## INSTRUCTIONS TO FOLLOW
Restate each line below word for word, skipping every picture.

## RAW DATA
_ _ _ _ _ _ _
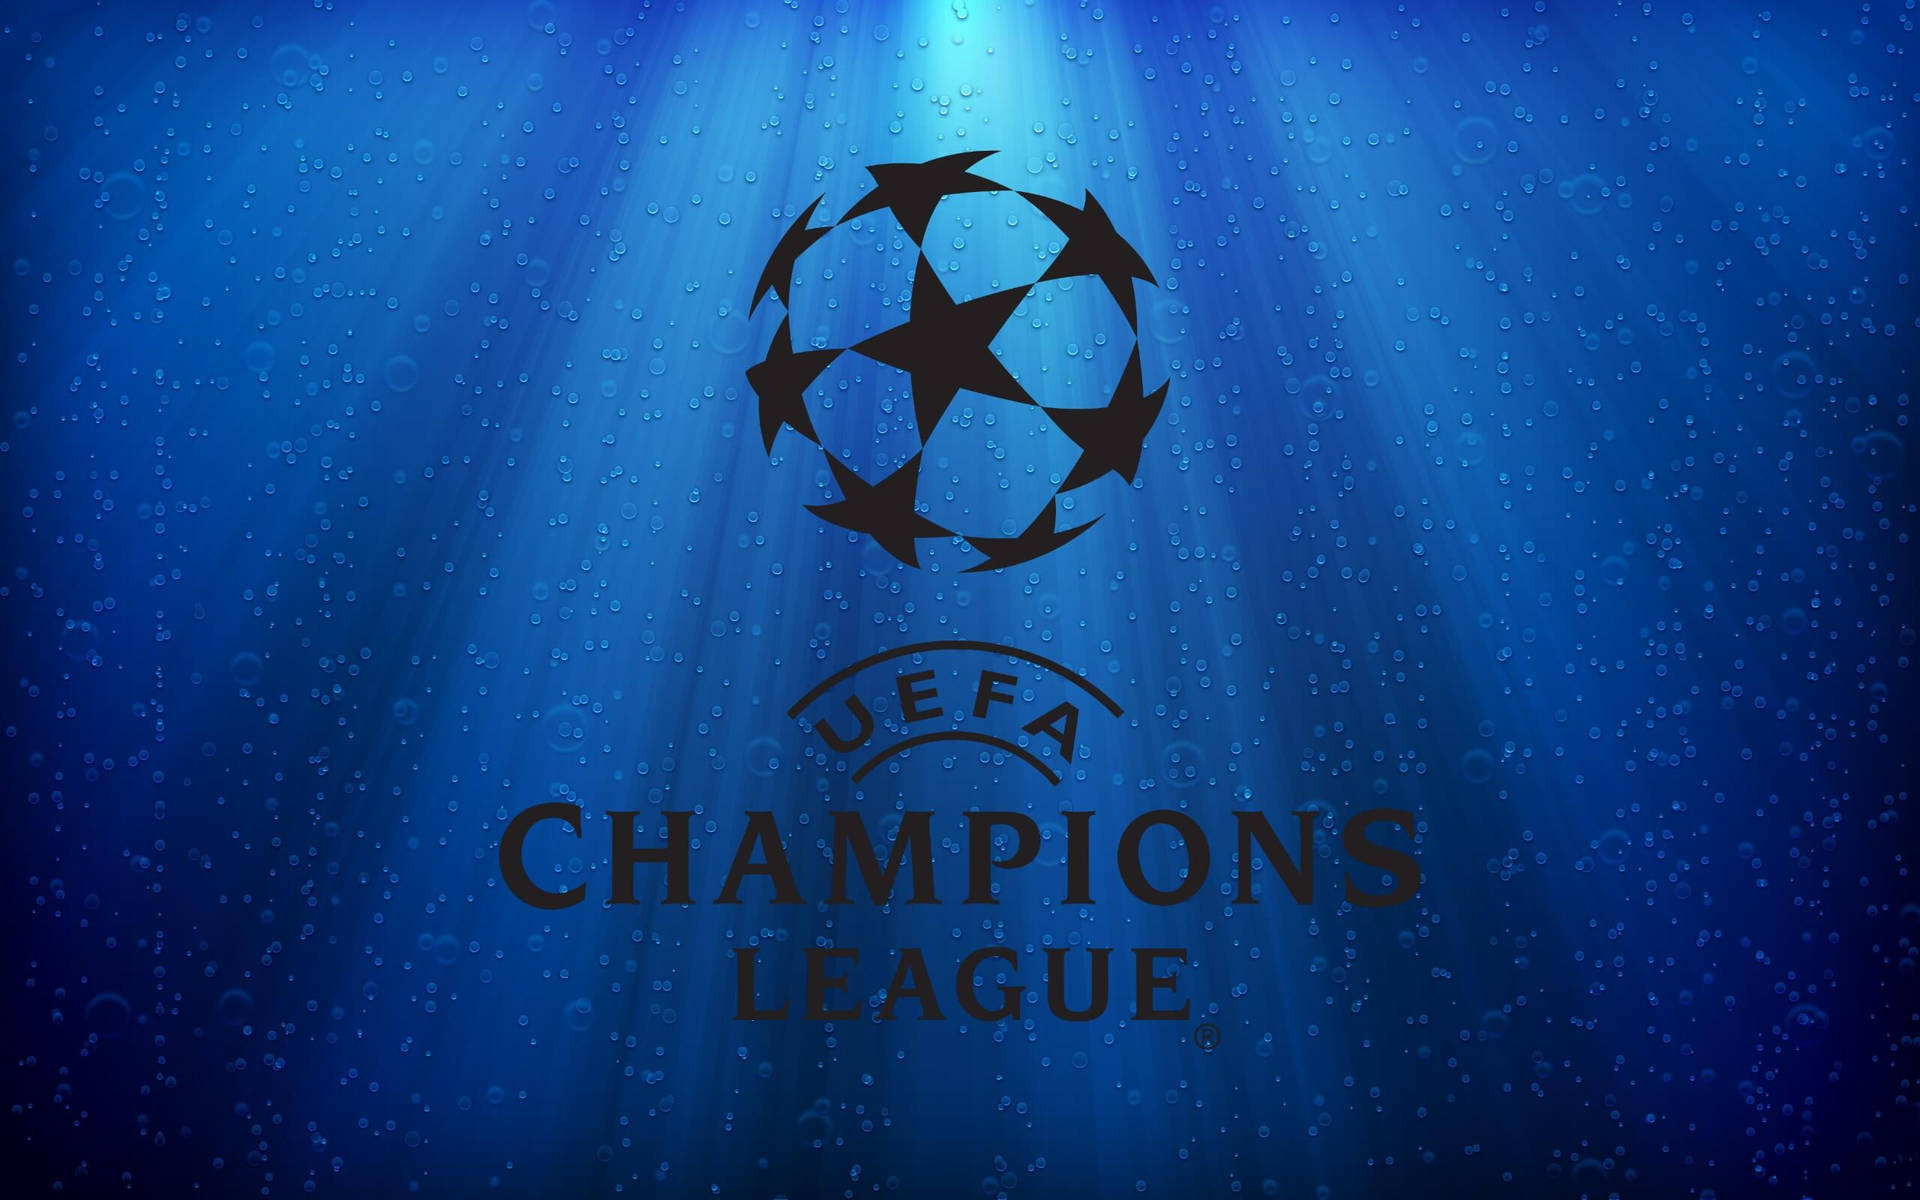 Uefa Champions League In Blue Rain Drop Background
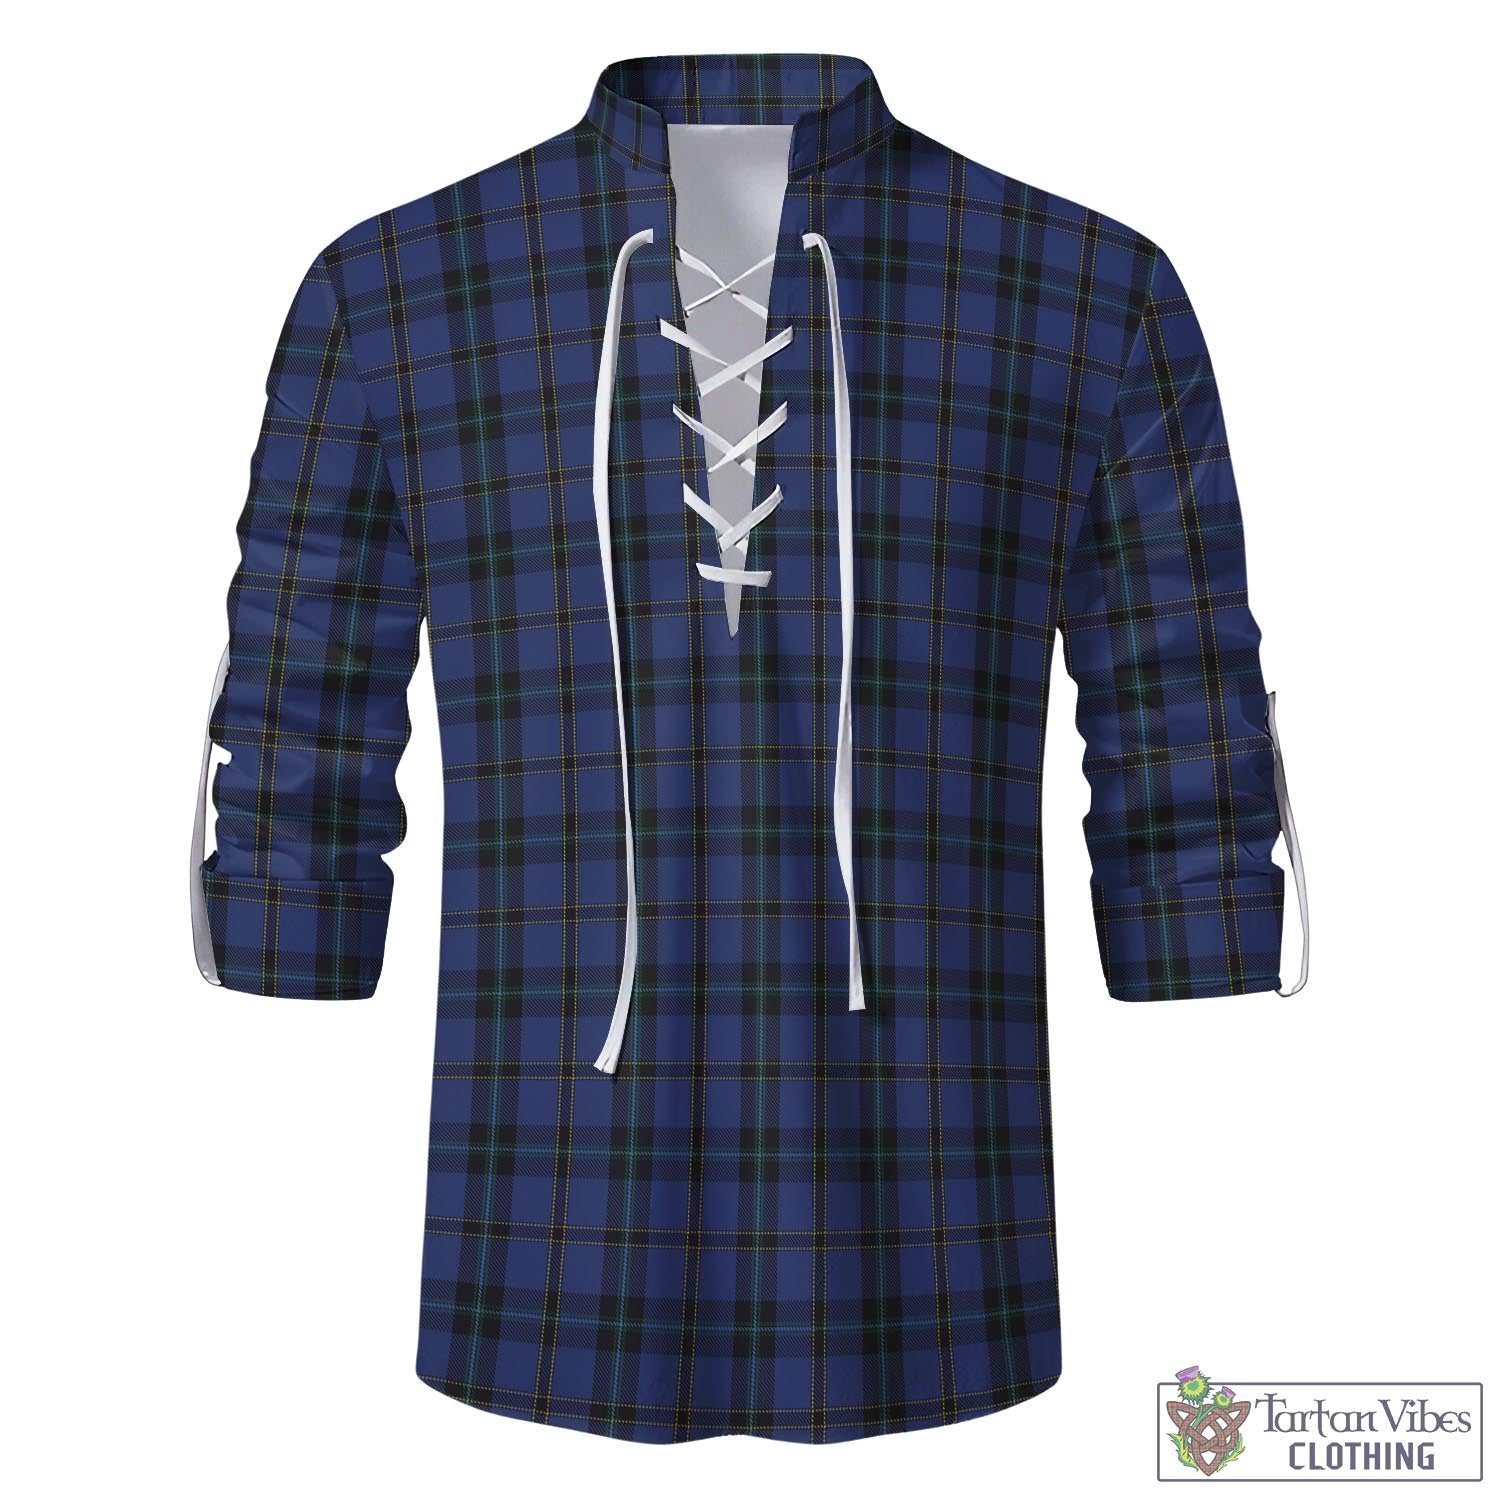 Tartan Vibes Clothing Hope (Vere-Weir) Tartan Men's Scottish Traditional Jacobite Ghillie Kilt Shirt
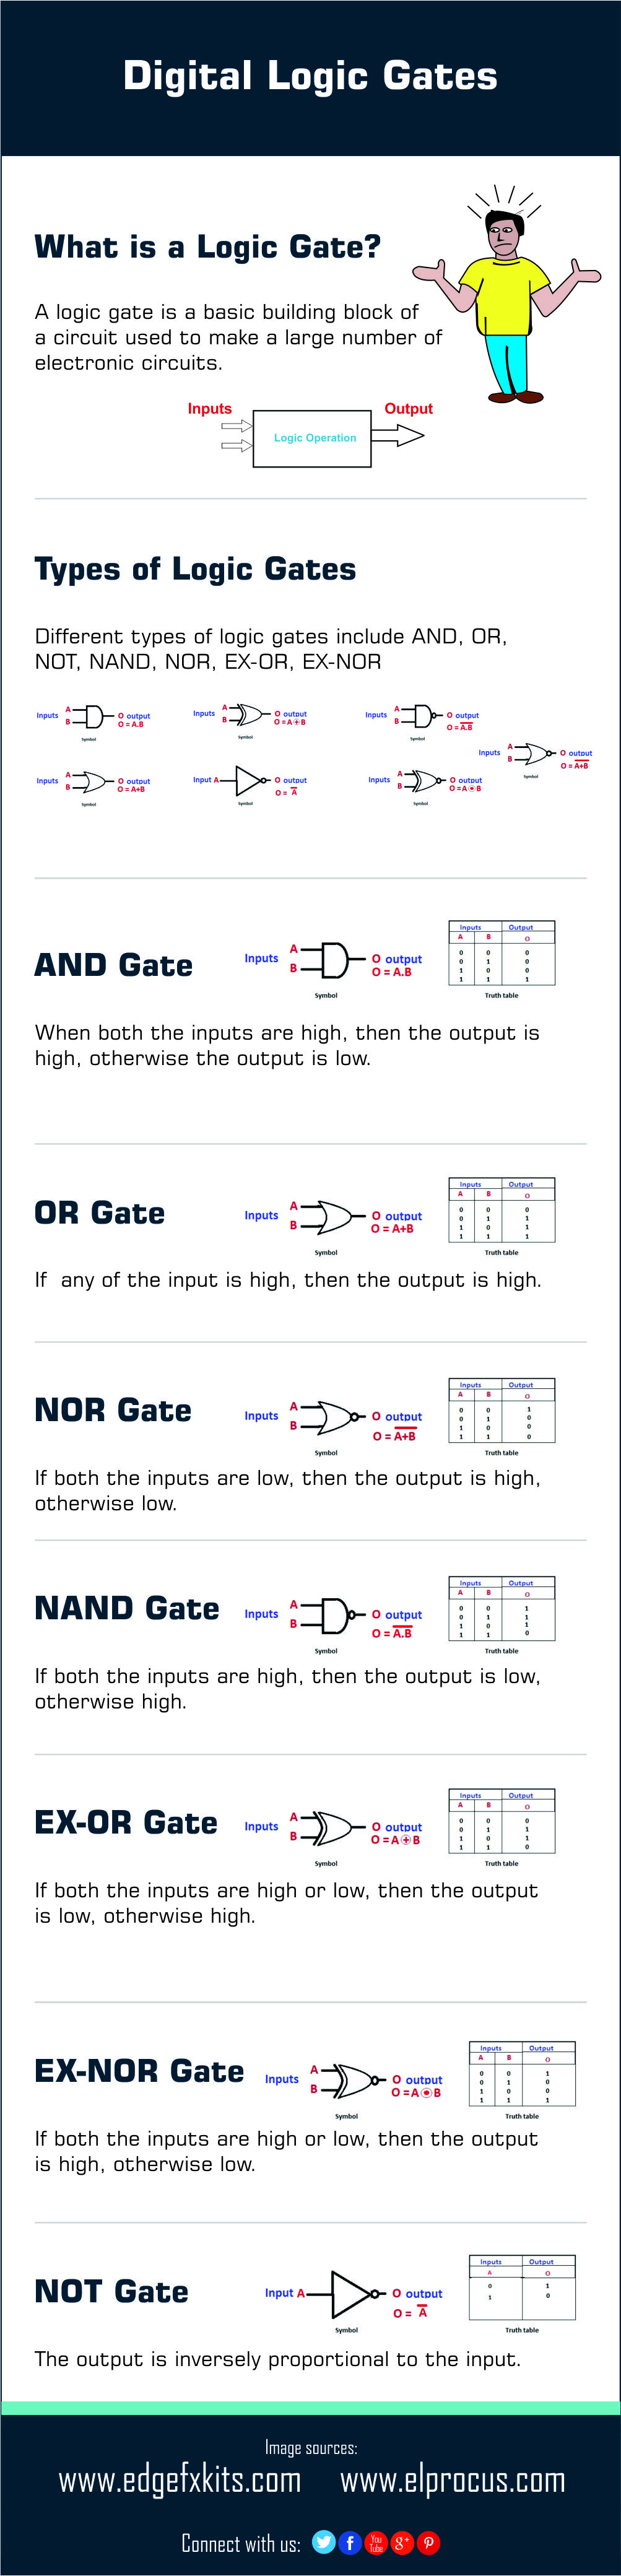 Different types of digital logic gates
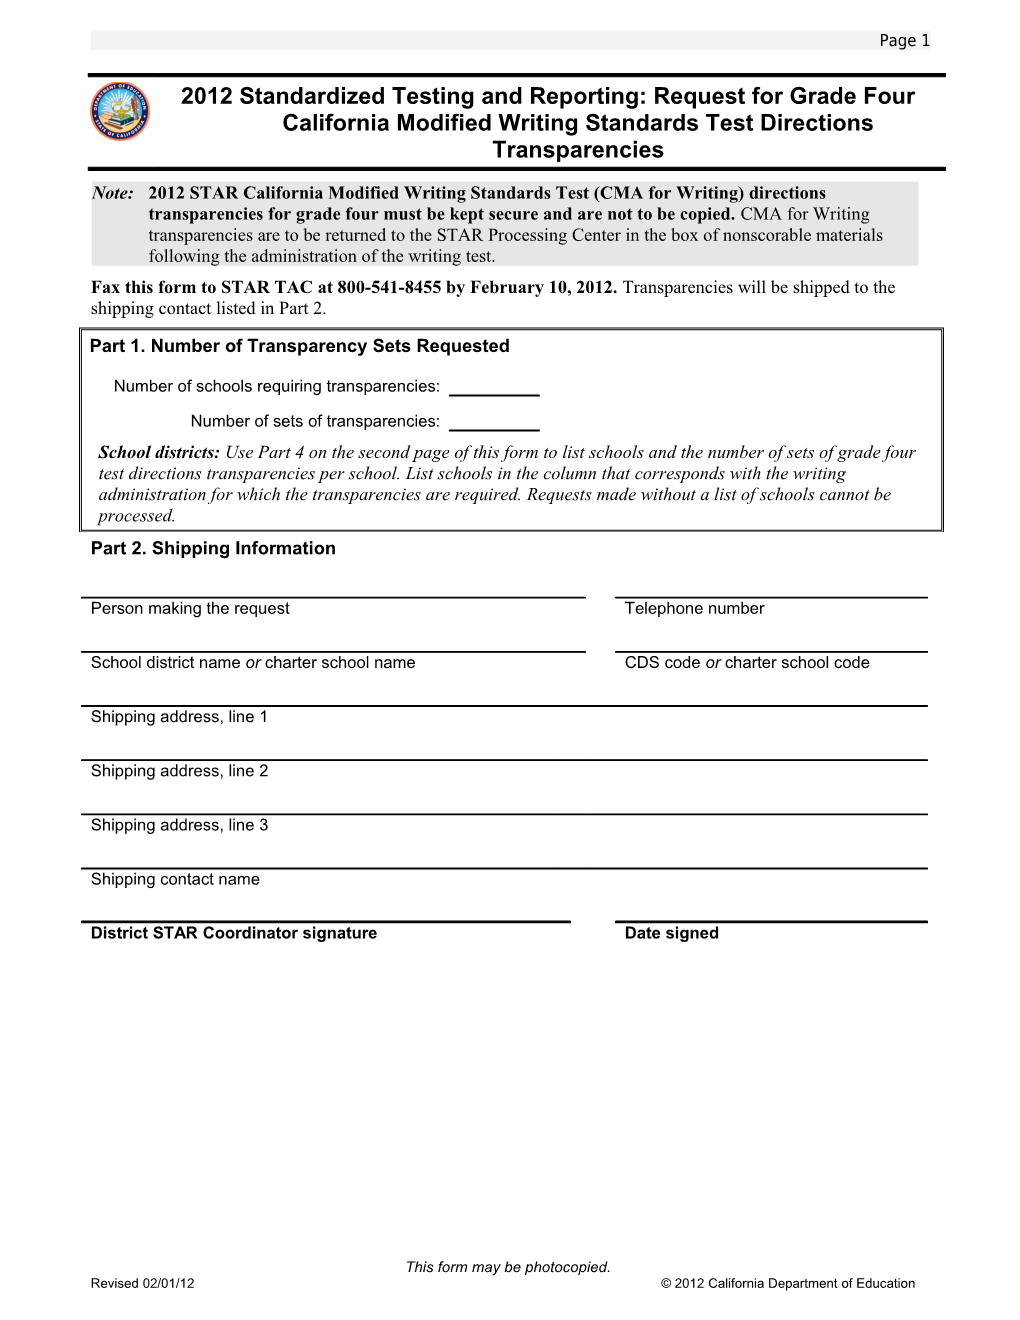 STAR Grade 4 Writing Transparencies Request Form
_ _ _ _ _ _ _
## COMPLETED EXERCISE
 Uefa Champions League In Blue Rain Drop Background
 Tartan Vibes Clothing Hope (Vere-Weir) Tartan Men's Scottish Traditional Jacobite Ghillie Kilt Shirt
 Different types of digital logic gates
 STAR Grade 4 Writing Transparencies Request Form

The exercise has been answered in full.